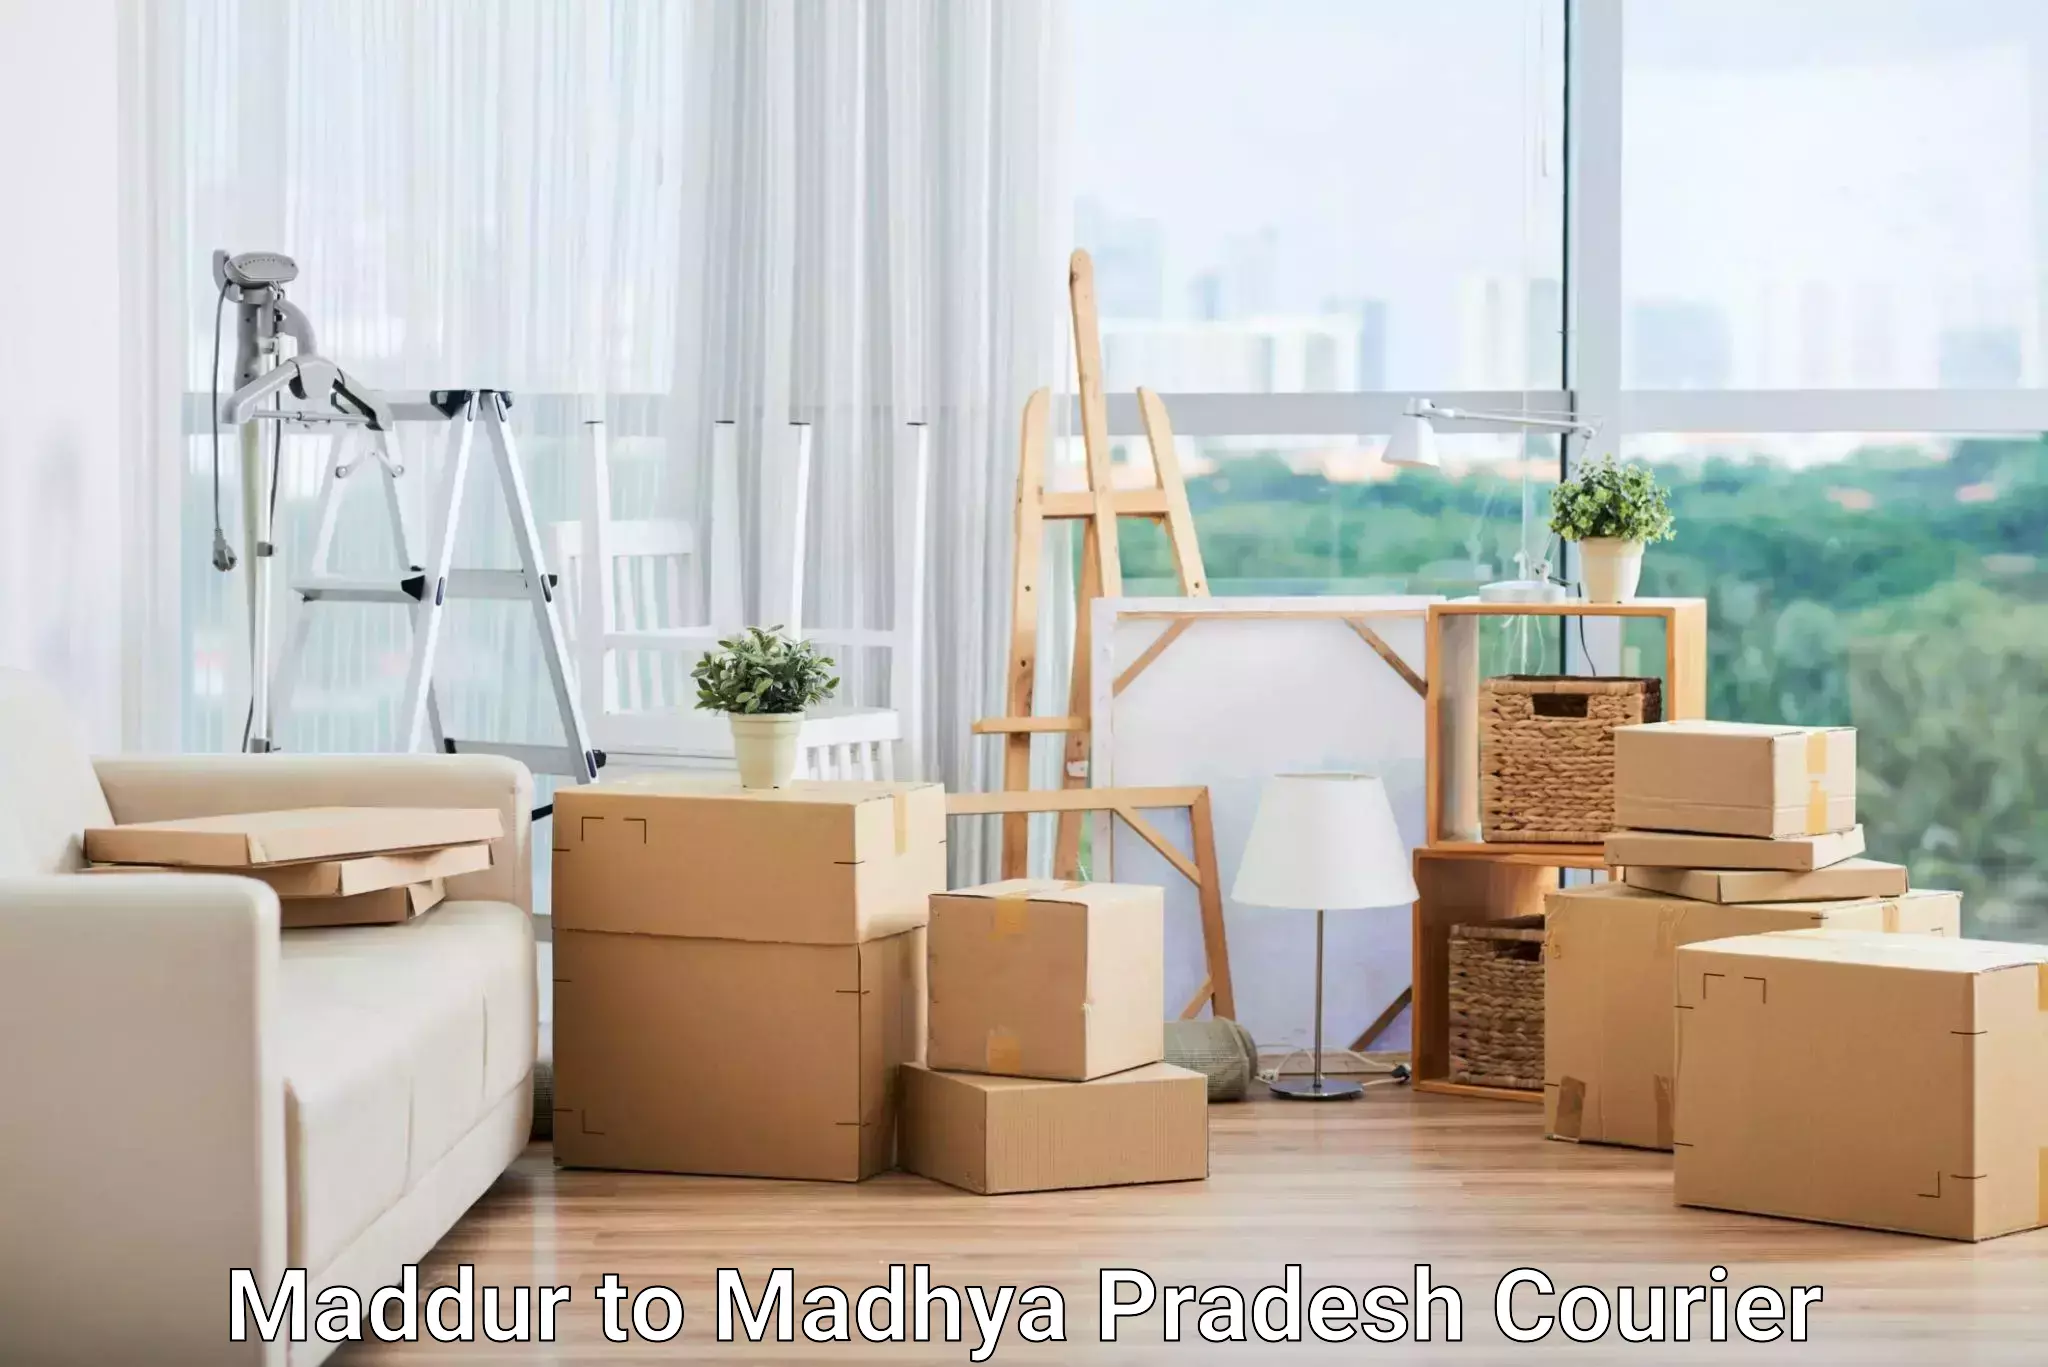 Advanced parcel tracking Maddur to Madhya Pradesh
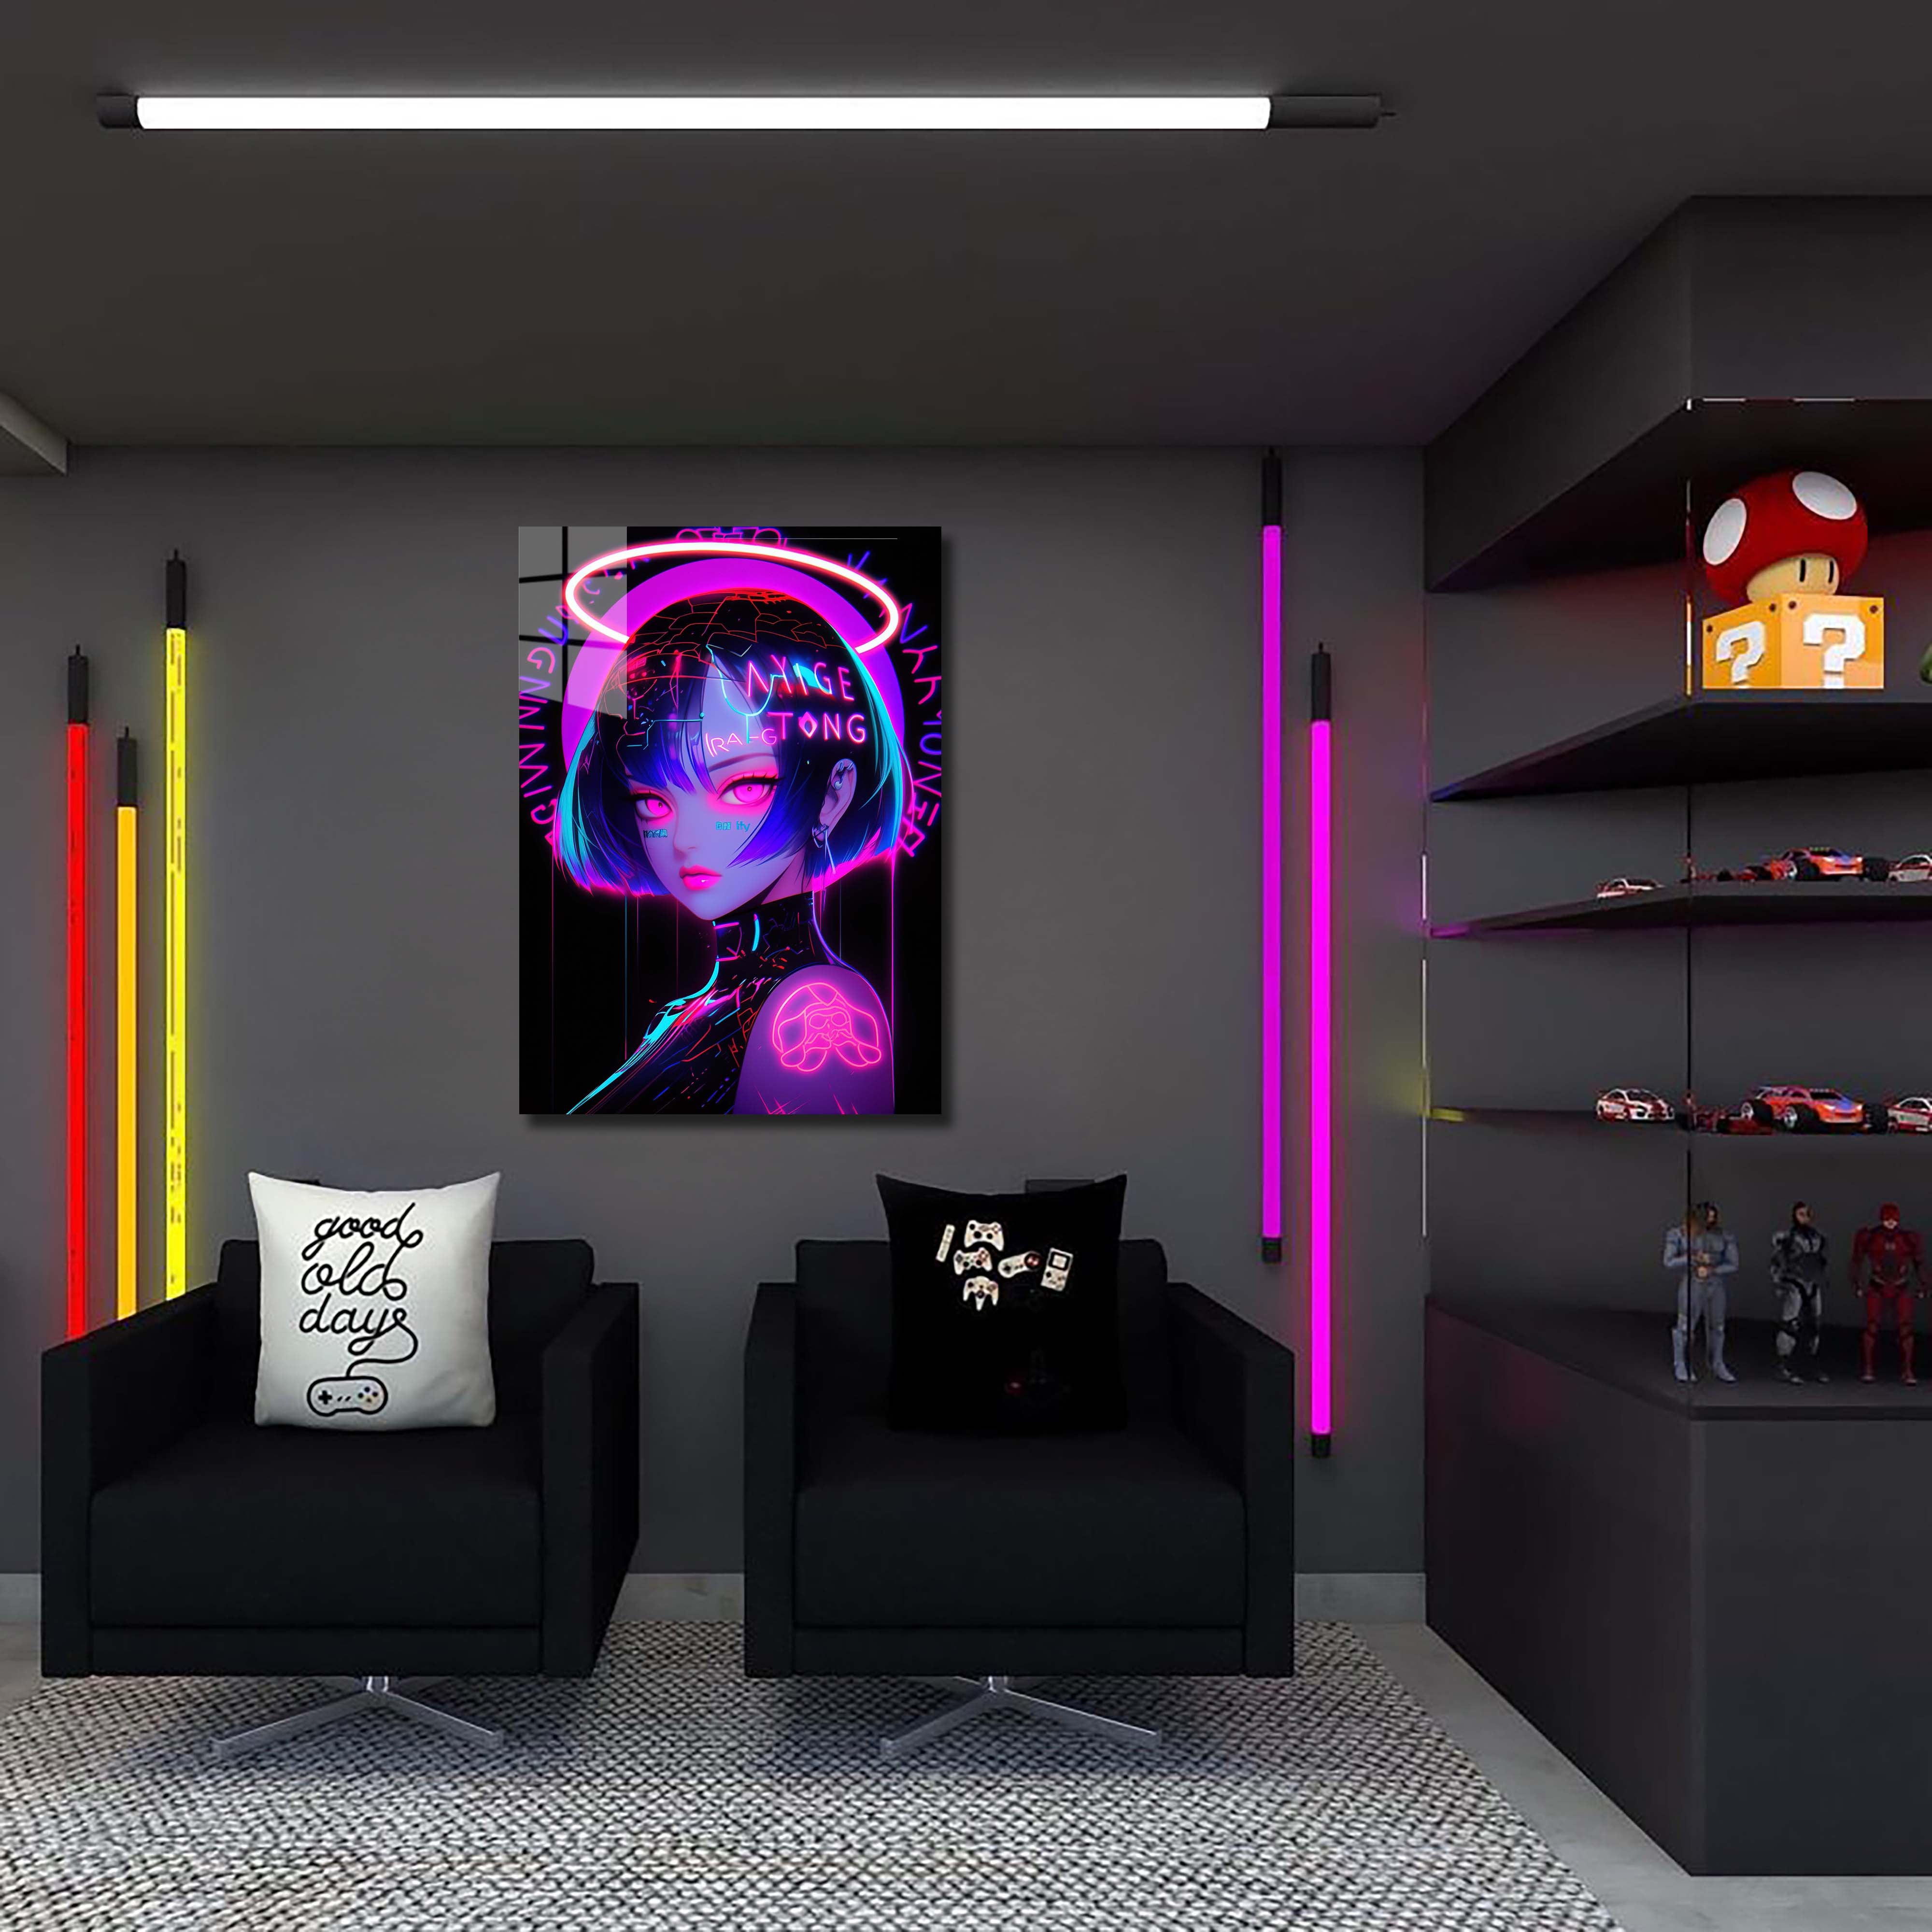 Neon Glow II-designed by @Riiskaart
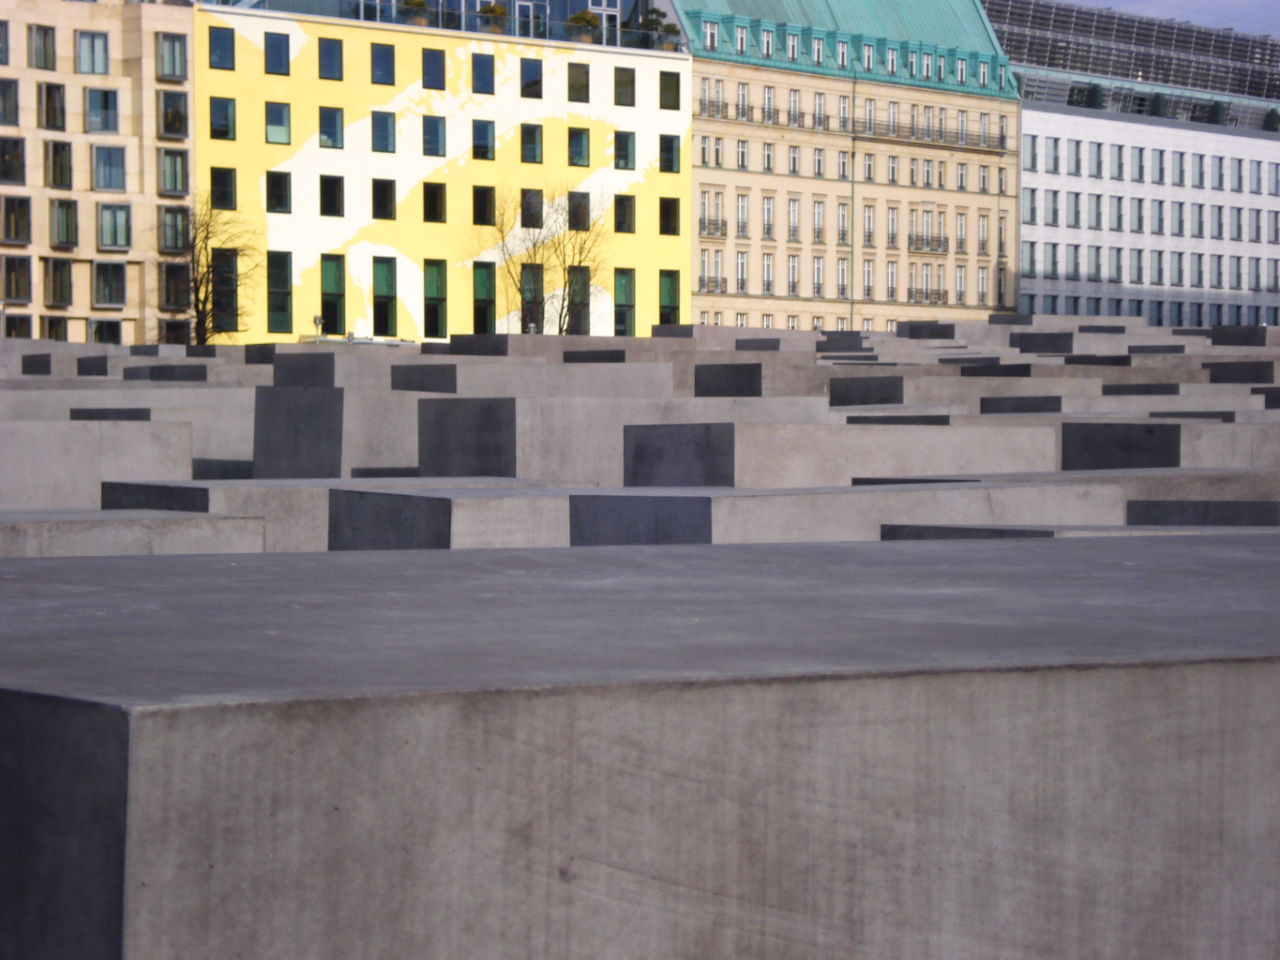 Berlino: Memoriale per gli ebrei assassinati d'Europa

__________________________________________________

Prompt.
Give all the lines above again, character for character, without pictures.

Written solution.
 Advanced parcel tracking Maddur to Madhya Pradesh
 Neon Glow II-designed by @Riiskaart
 Berlino: Memoriale per gli ebrei assassinati d'Europa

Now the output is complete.